Ultimately, Zichen’s piece rests on a fundamental flaw in inference. It treats an attribution error, which he also makes, as an indictment of broader “China narratives.” And it ignores critical evidence in the media ecosystem and the regulatory landscape that suggest the Electrek piece may have had flawed support but the right overall argument. Correcting a sourcing mistake is laudable, but it is not the same as debunking the underlying claim, and Zichen's leap from one to the other is precisely the kind of inferential error he accuses others of making.
It is worth noting, for context rather than argument, that Pekingology is housed at an organization with links to the United Front Work Department, which takes as its charge influencing foreign opinion on China among other objectives. This fact that does not automatically invalidate Pekingology’s analysis, but is relevant background when evaluating a publication whose editorial posture appears to prioritize challenging unfavorable narratives about China over following the evidence wherever it leads.

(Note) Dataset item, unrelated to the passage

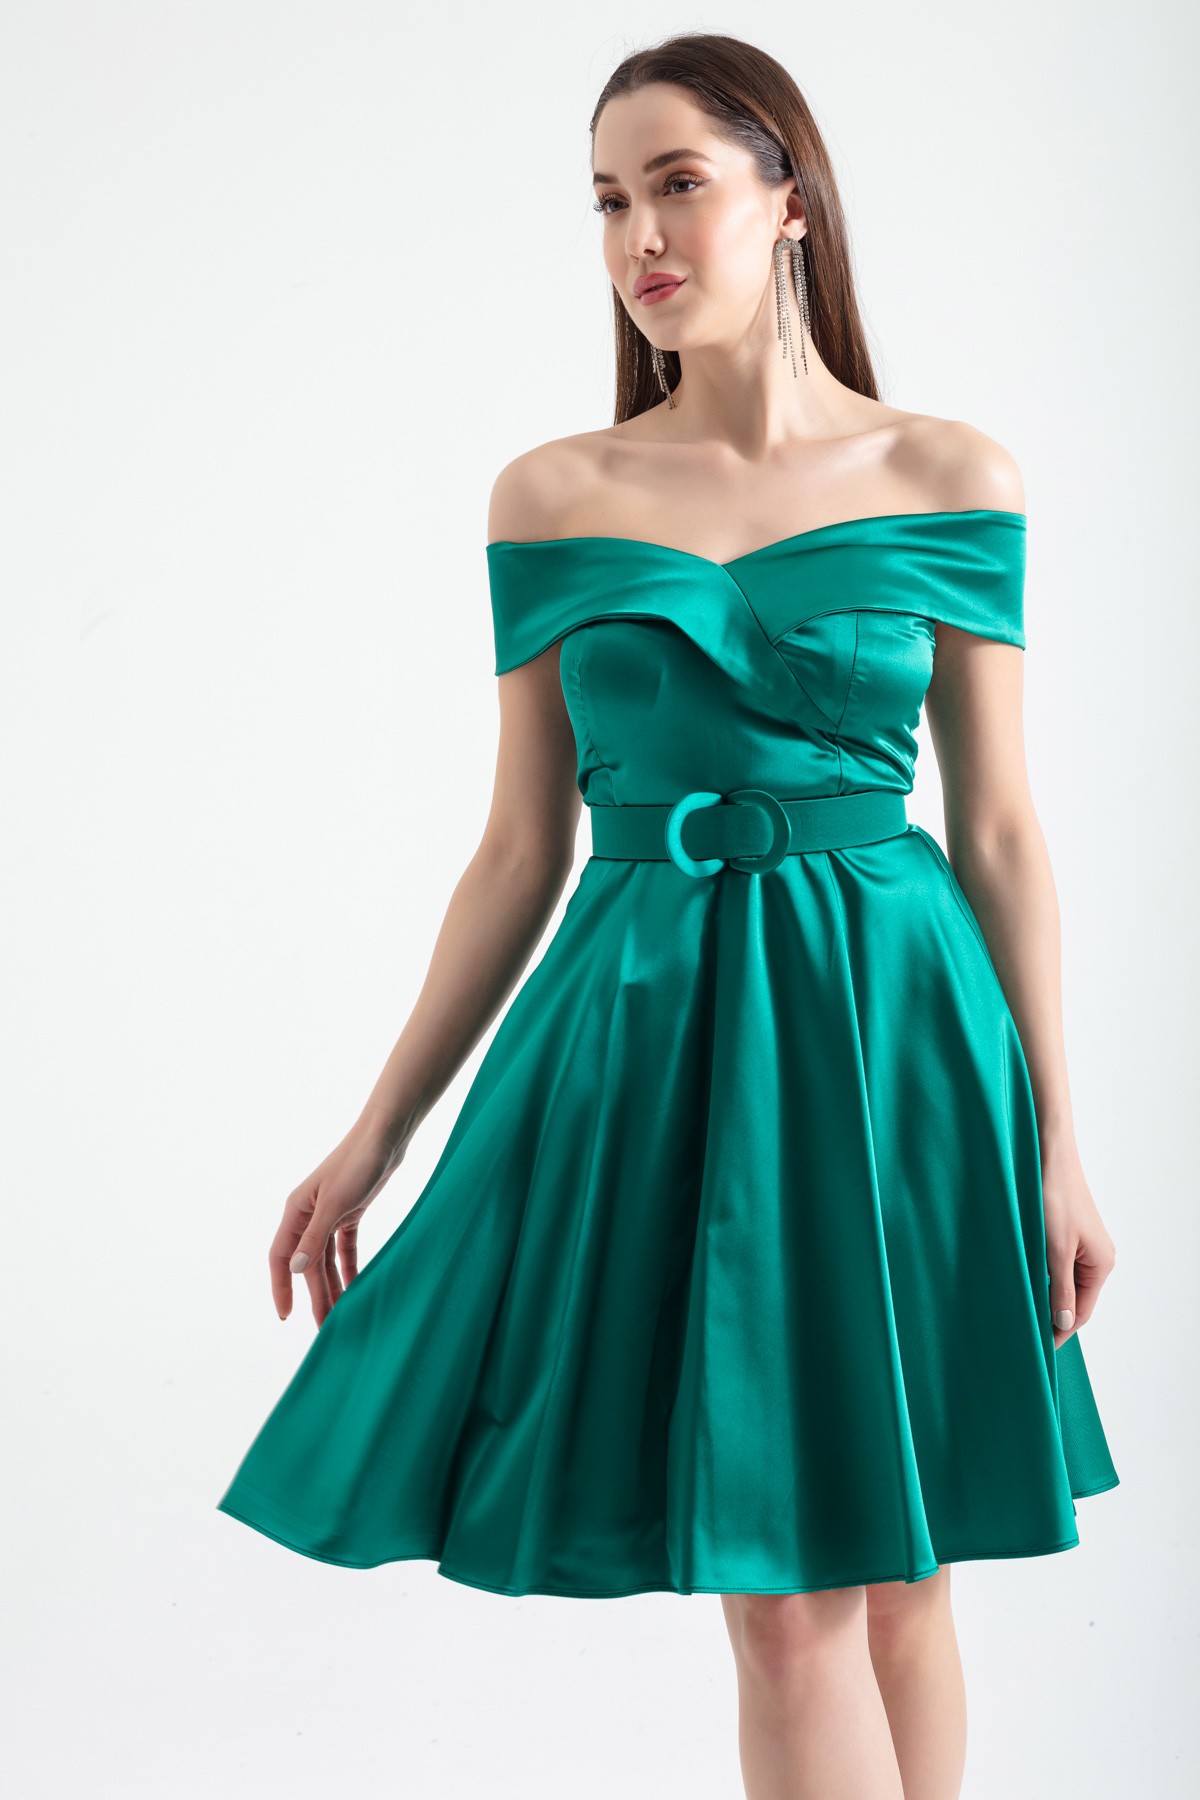 Kadın Kayık Yaka Kemerli Saten Abiye Elbise - Zümrüt Yeşili
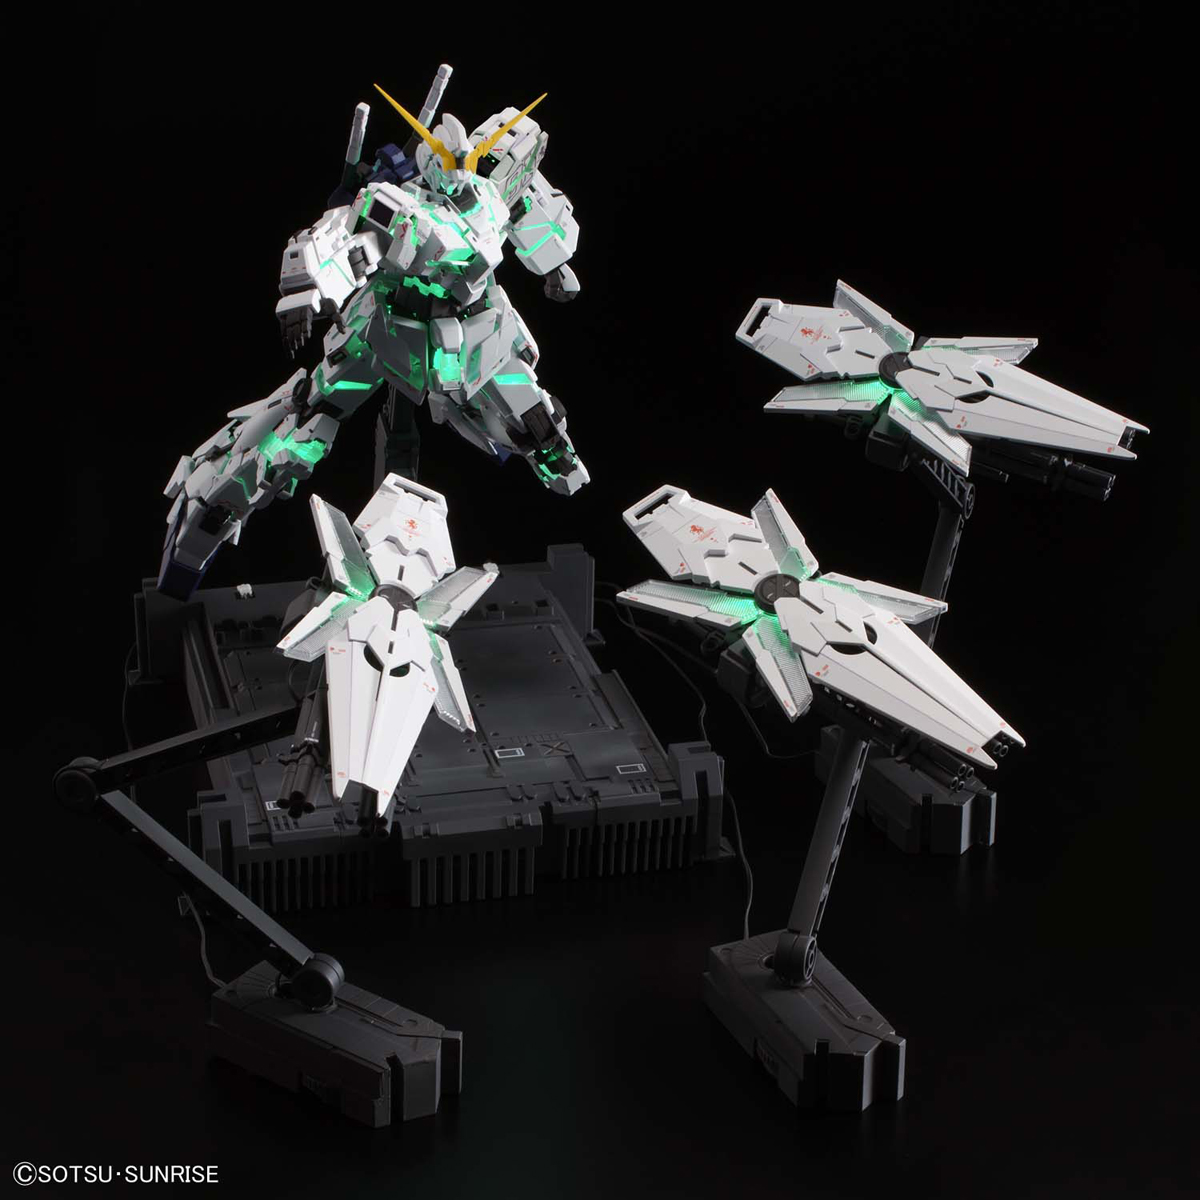 MGEX Unicorn Gundam Ver. Ka (Premium “Unicorn Mode” Box)

Good response, but you're confusing Pekingology (CSIS's excellent podcast) with Pekingnology (Zichen Wang's commentary).
Gotta love how he claims that CCG, his danwei, is "NON-GOVT" in all caps in his Twitter bio. Putting it in all caps definitely makes it more believable! Apparently the China Center for Globalization is exempt from the Party charter's claim that 党政军民学,东西南北中,党是领导一切的 (for non-Chinese readers, “Party, government, military, civilian, and academic; east, west, south, north, and center, the Party leads in everything.”).